07
帰宅したラリーは、その夜CDをがんがんにかけていた。ラリーは冷蔵庫から、牛乳をコップに注ぐと、
それを飲みながら、キッチンにある、椅子に腰掛けて、音楽を聞いていた。
音は、初めの内は音量のせいか、聞こえなかったが、インターホンの音が聞こえた、
初め聞こえて出たのは周りの部屋の人間で音がうるさいとの苦情だった。
次のインターホンが聞こえたのは、時計をみると9時を回る頃だった。
出てみて、周りを確認しても、人は居らず、手紙が入っているだけだった。
手紙をハサミで開くと、明日、町はずれの運動場で会いたいとの事だった。
席は端から3番目の席とだけ書かれてあった。
次の日の夜、行ってみると、少年達が運動場で野球をしていた。
少年がヒットを打つたびに歓声がおこる。
そのまましばらくすると、端から3番目に黒ずくめの男が近ずいてきた。
「貴方にこれを渡すよう依頼されまして」そして、茶色の封筒を渡された。
「誰から?」ラリーは尋ねる。
「誰からとは直接には知りません。私が知る限りでは、それだけです」男はそう言うと立ち去った。
ラリーはそのまま野球の試合を見ていた。
投手の男の子の投げたカーブを少年のヒットの音が、響き渡る。
観客が数人の静かな夜の運動場に響いていた。電灯が夜の運動場をだいだい色に染めていた。

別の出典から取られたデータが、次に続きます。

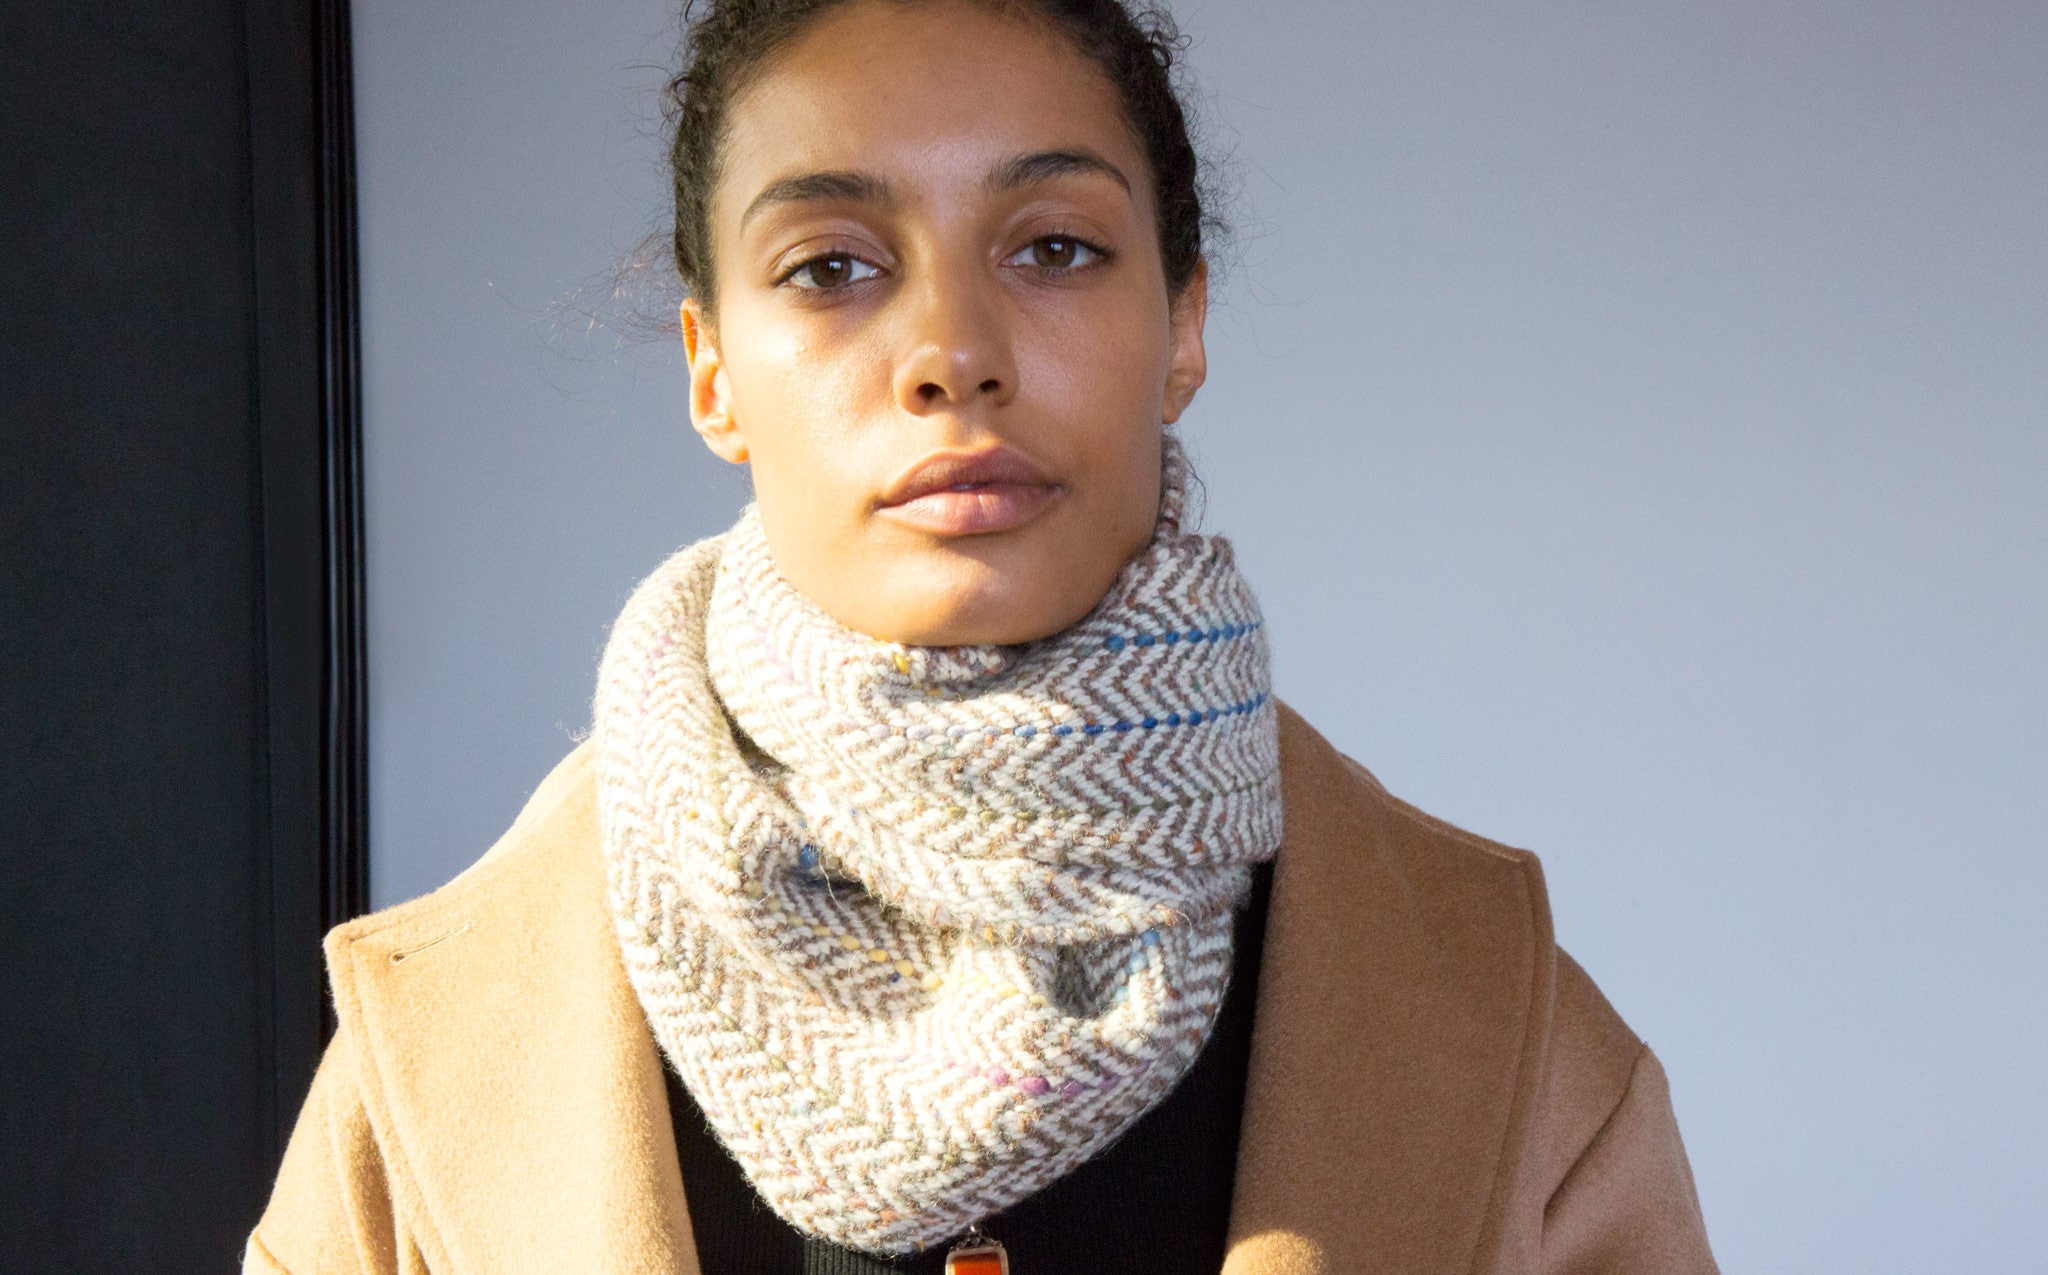 Handwoven Wool Scarf

ラリーは、その後も試合を見ていたが、封筒の中身を早く知りたい欲求にかられて、
15分程でその場を離れた。そのまま、家に戻り、茶色の封筒の便箋を机から出したナイフで丁寧に開いた。
細長い紙に、見知らぬ電信番号が載っていた。
byライズ
偽名なのはすぐに分った。これを送ったのは、ニートベルトだろう。
内容は、貴方の弟ティムフォルクへの通信番号とだけ書かれてあった。
ラリーはあわてて細長い紙を一度、封筒に戻すと、
息を吐き、別の紙に番号を書き写した後、
ふうっと息を漏らした後、自分のパソコンに電信番号を入力した。
通信は出来るだろうか。
今、弟は反政府軍として戦っているようだ。
その日は何もせず、次の日の夜に連絡を入れた。
その日は何も起こらなかったが、次の日に返信の記録があった。
弟からの通信にラリーは反応する。雑音が数秒の後、
「兄さんか聞こえる?やった。やっと繋がった」
弟が反政府軍だからか気まずい沈黙の後、ラリーは、兄弟は互いの無事を確認してティムは歓喜あまったか、
ティムは少し泣いて喜んだ。
「ああ。ラリーだ、ラリーフォルクだ」突然の家への通信に買ってきたハンバーガーを食べていたラリーは自分の机の電信の音声にラリーは興味をもった。音声の番号をペンでチェックして、無線の音声に耳を傾けて、言葉に反応した。「この戦争が終わってから話がしたかったが」ティムだ。
「誰だ」
「ティム。ティムフォルク。聞こえるか?」
沈黙の後、ラリーは話した。
「貴方が誰かは知らないがラリーフォルク」ラリーは答える。
「ティムです。君の弟だよ」
ラリーは気ずいた。
「ああ。母さんや妹は無事なのか?」
「もう、それは僕がしました。1年前に」
「どうなってるのか?心配なんだ」
「僕がエルジアに亡命させたよ・・・」
「お前がどうやってこの番号を知ったかは知らないが、言っておく。戦争には関わらないほうがいい。弟だからお前のために言っているんだ。俺が政府の人間なのを知っているだろう」
「ああ。」
「用は何だ?もうじきこの通信も政府に探知されるぞ」
「僕も反政府にだ。兄さんの声が聞きたかった。今生きているのか・・・」
「声が聞こえるなら、生きているってことだろう。」
「その後の家族の返事は?」もう一度ラリーは聞き返した。
「無事さ。今は戦争で、通信はチェックされている。この通信はベルカ経由。軍関係の話題は、つつしんでほしいから」
「謹んでで通る話ではないだろう」
「これ以外、通信手段がなくて」
「いいか、ここは、政府軍の土地だ。通信網をこんな個人的な話で通るなんて、そんなうまい話があるかとゆう奴も出てくるんだよ。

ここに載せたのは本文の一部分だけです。